*** Given information
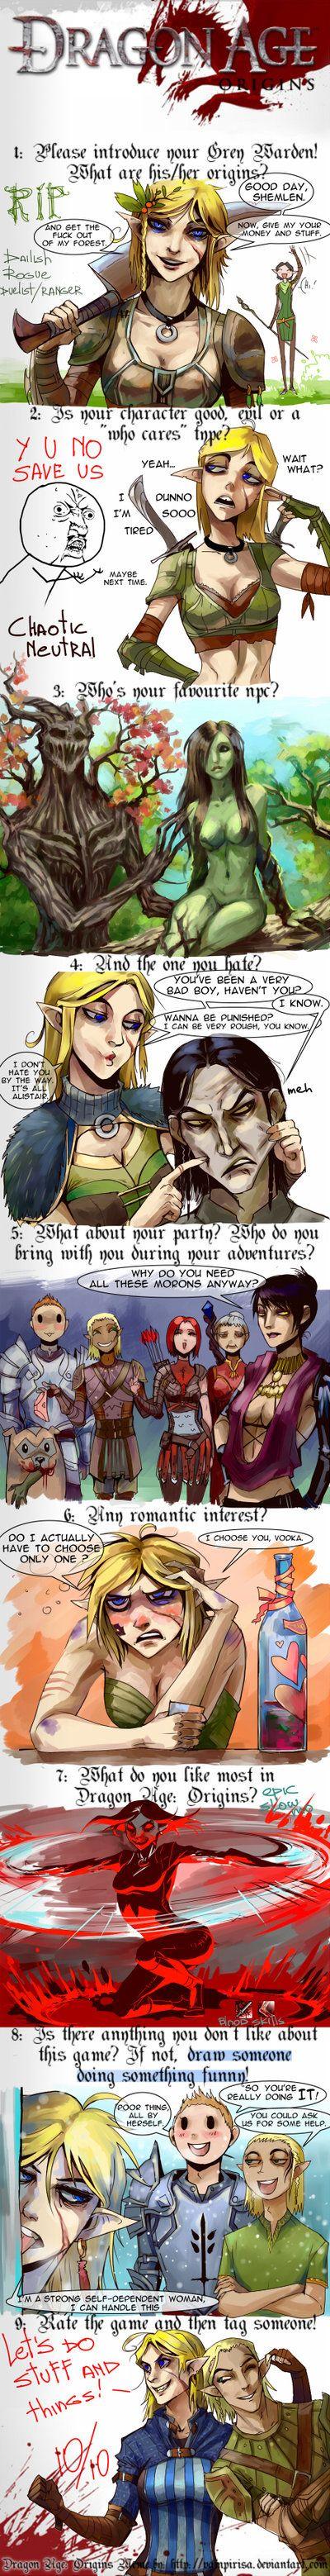 Dragon Age Origins Meme by NanoeTetsu.deviantart.com on @deviantART
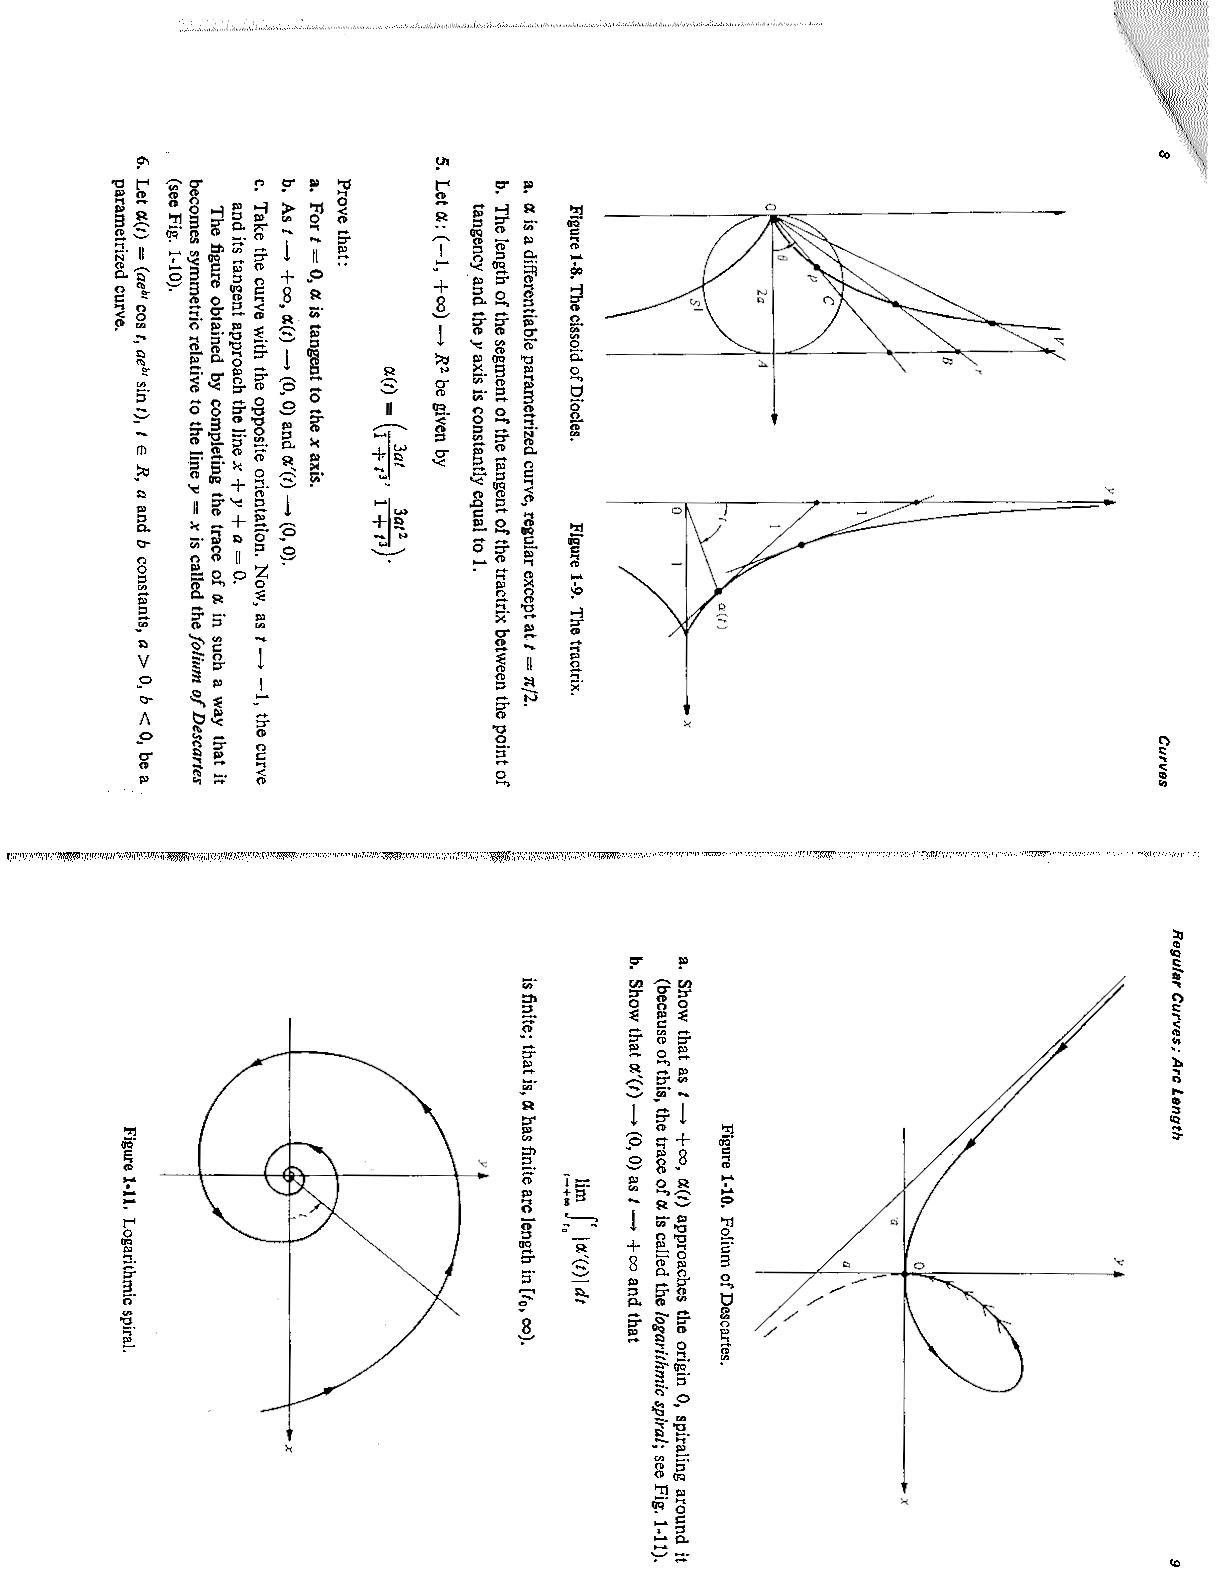 MATH 320: Course Description
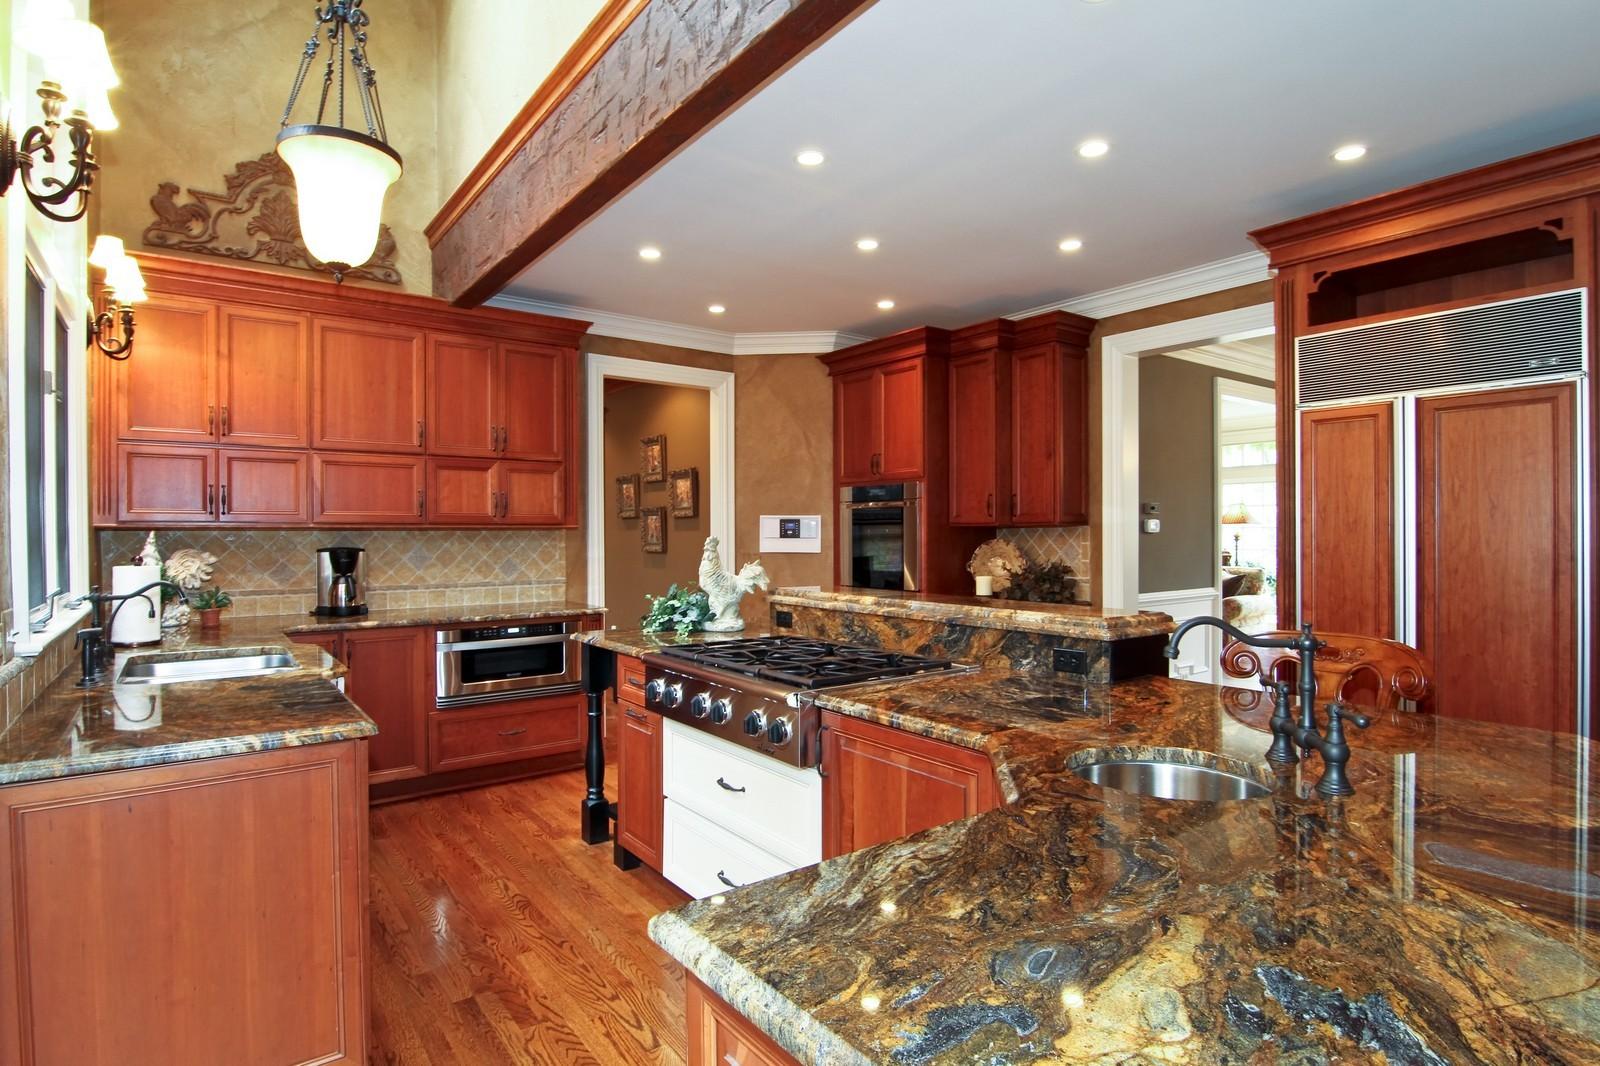 Real Estate Photography - 810 Fox Glen Drive, St. Charles, IL, 60174 - Kitchen
******
**Your goal:** Give back only the lines from the one that carries "MATH 320: Course Description" through the final line above, both included. Drop all pictures.

**Solution for this exercise:**
 MATH 320: Course Description
 Real Estate Photography - 810 Fox Glen Drive, St. Charles, IL, 60174 - Kitchen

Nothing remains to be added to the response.